Each "unlink()" decreases the reference count as the reference is
removed.  When the last reference is unlink()-ed, you now have no
way to reference the inode so it is *then* deleted.

A consequence of this is that you can only "link" (i.e., add another
*name* that references a particular inode) names residing on the
same volume together.  E.g., if:
    /some/particular/pathname
    /some/long/name
each reside on the same volume, then:
    /some/particular/pathname/file1
    /some/particular/pathname/file2
    /some/particular/pathname/file3
    /some/long/name/fileA
    /some/long/name/fileB
can all reference the same "physical" file.  (These are called
"hard links" -- see below)

If, however:
    /another/point/in/the/filesystem
is on a *different* volume, then you can't link to the file
referenced above -- because the other volume has no ties to the
first one.  For that reason, there are "soft links" (symbolic
links) that can be located anywhere and, effectively, encode
the referenced pathname *in* the symlink.  So, the inode for:
    /another/point/in/the/filesystem/othername
would actually "contain" the equivalent of:
    "/some/particular/pathname/file1"
When /another/point/in/the/filesystem/othername is referenced,
it is seen to be such a structure and it's contents are used
to find the actual file.

Note that a symlink can reference another symlink, etc.  So,
this resolution process can be extended arbitrarily.

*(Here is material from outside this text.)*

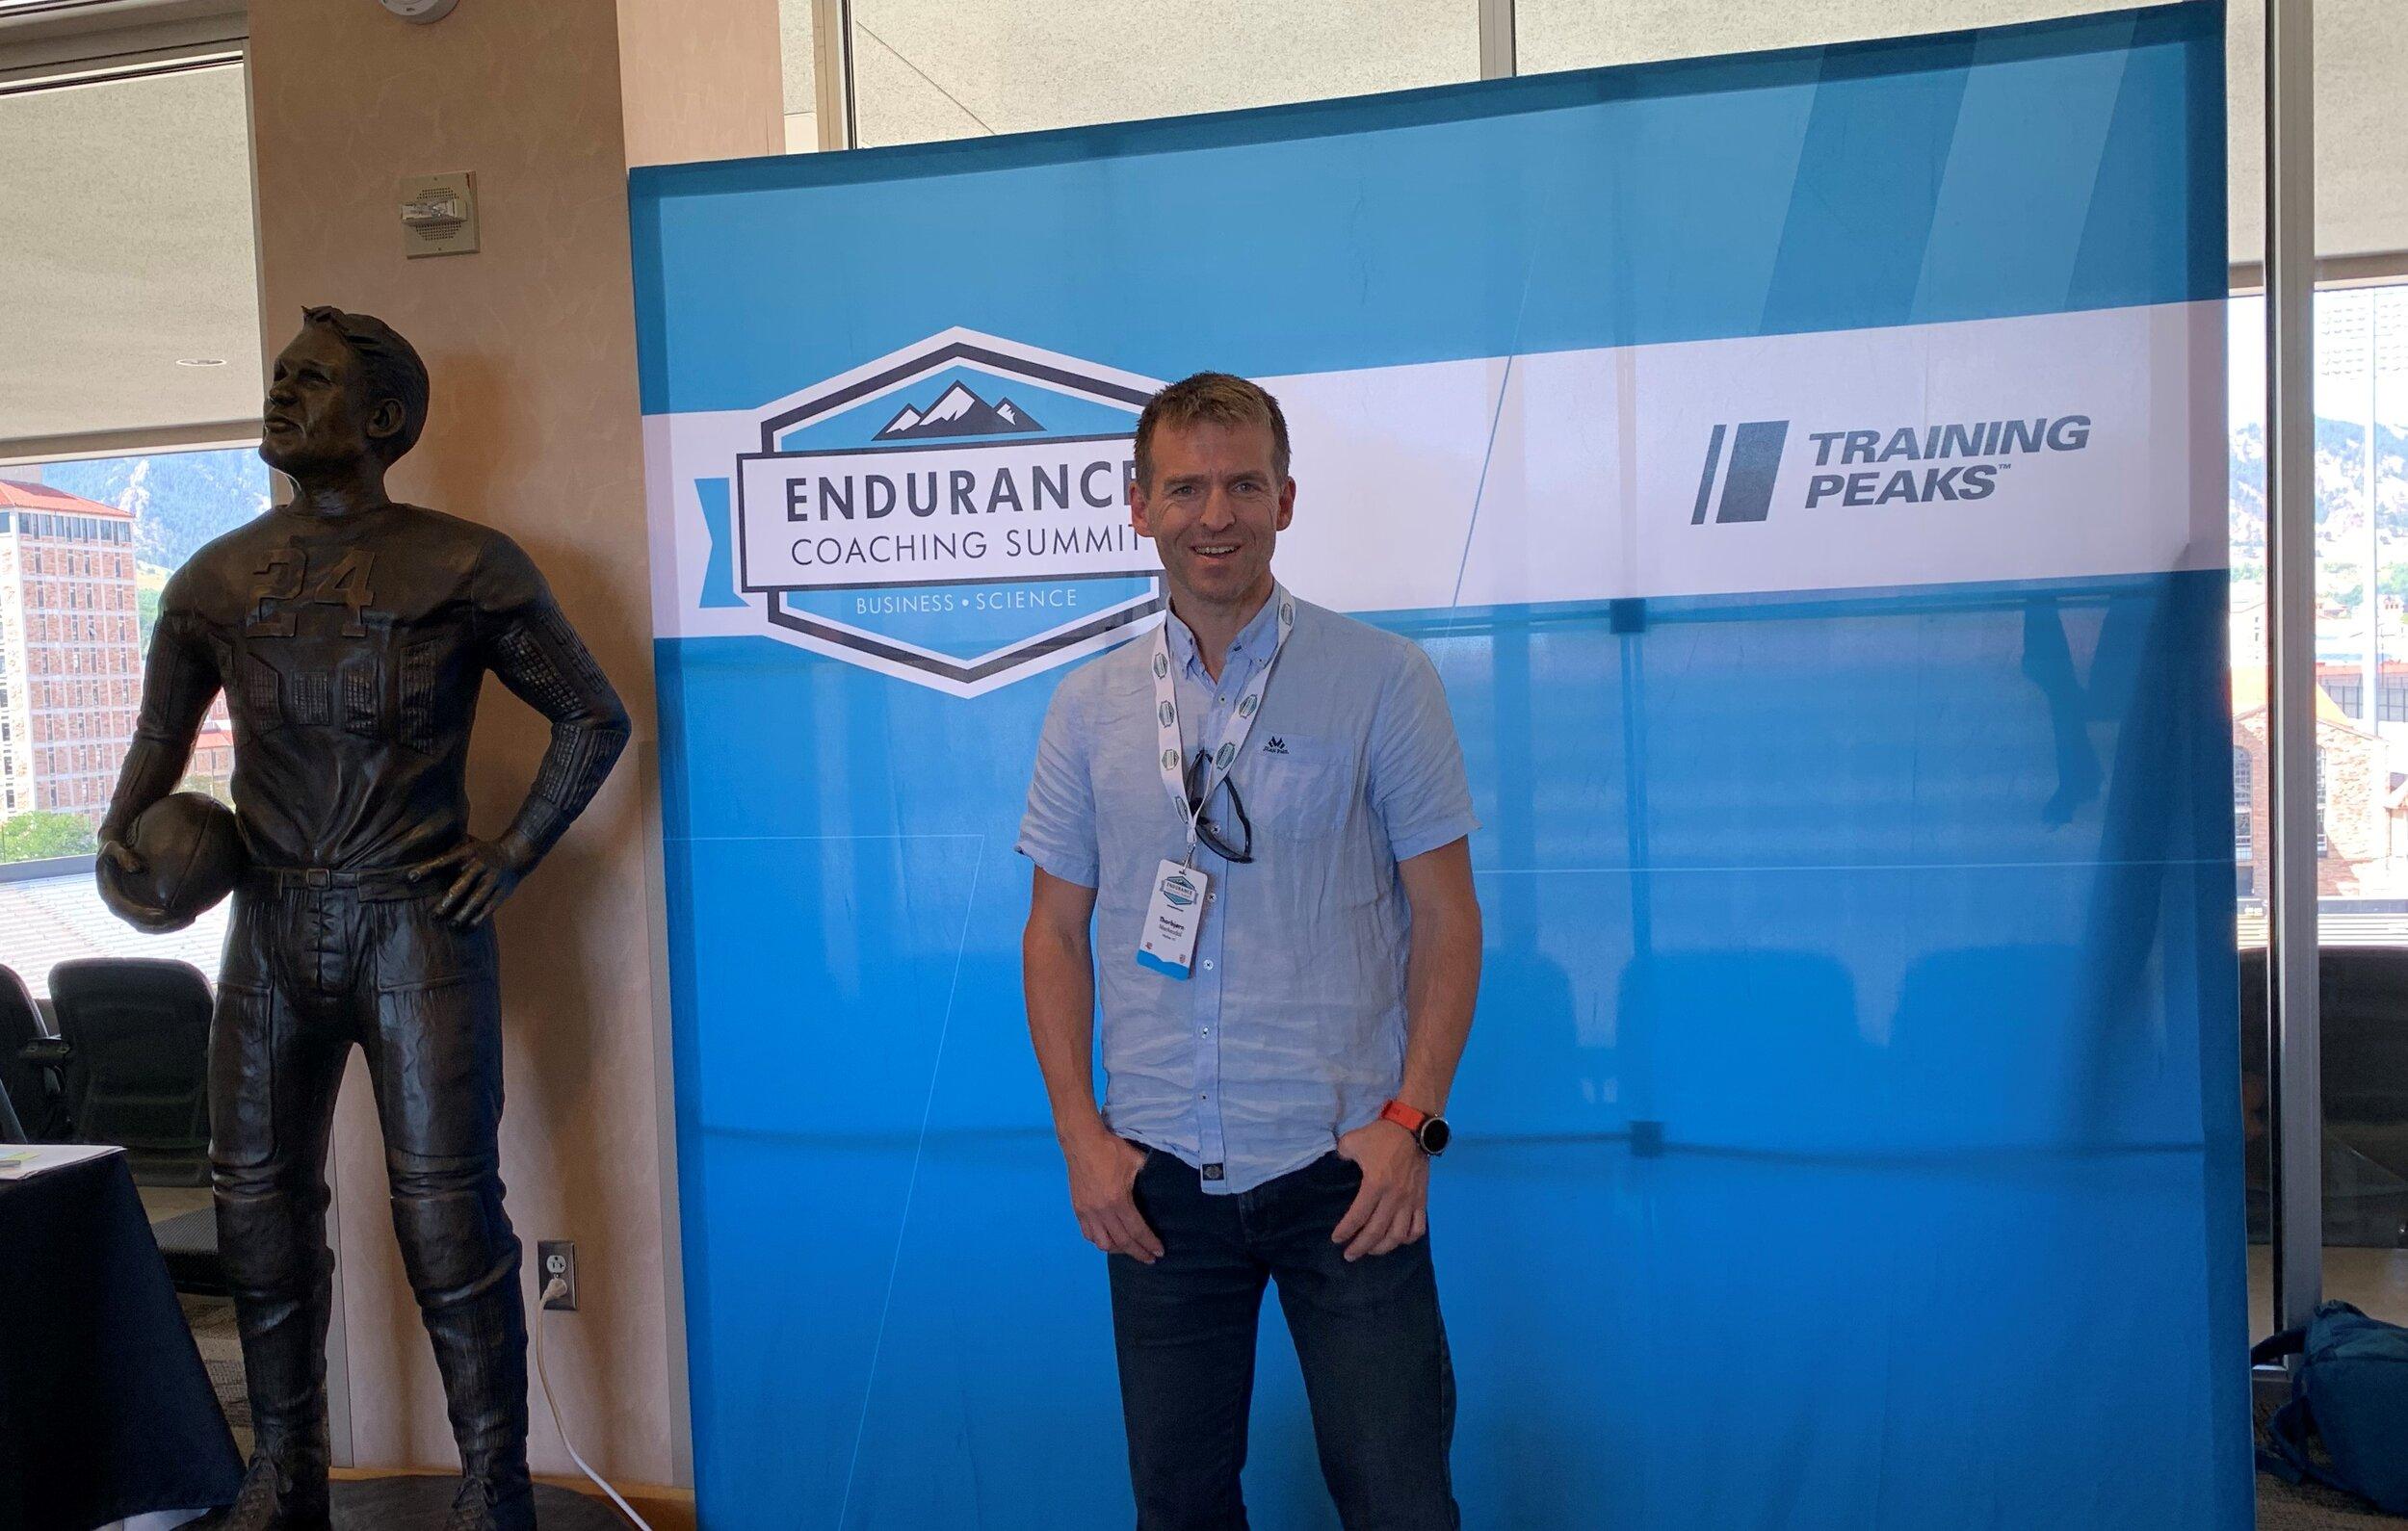 Boulder_Trainingpeaks.jpg
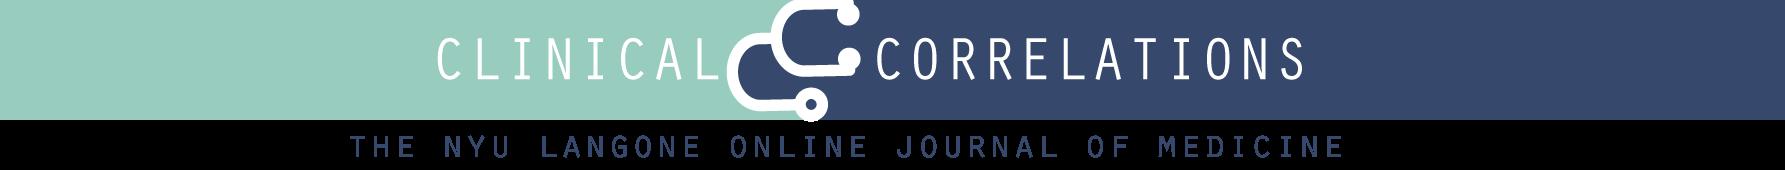 CC_logo_extended

A consequence of this symlinks implementation is that the
*pathname* which the symlink references can be *deleted*
and the symlink is never notified.  E.g., if:
    /some/particular/pathname/file1
is unlinked ("deleted"), then any later attempt to access
    /another/point/in/the/filesystem/othername
will result in "file not found".  This is because the *name*
"/another/point/in/the/filesystem/othername" persists but the
name that it *references*, "/some/particular/pathname/file1",
doesn't -- even though the *file* that it was intended to
reference is still present as:
    /some/particular/pathname/file2
    /some/particular/pathname/file3
    /some/long/name/fileA
    /some/long/name/fileB
I.e., there's no way of knowing how many symlinks reference a
particular name when that name is "unlinked"!  Nor of sorting
out where they reside in the file system(s) -- some of which may
not even be *mounted* at the present time!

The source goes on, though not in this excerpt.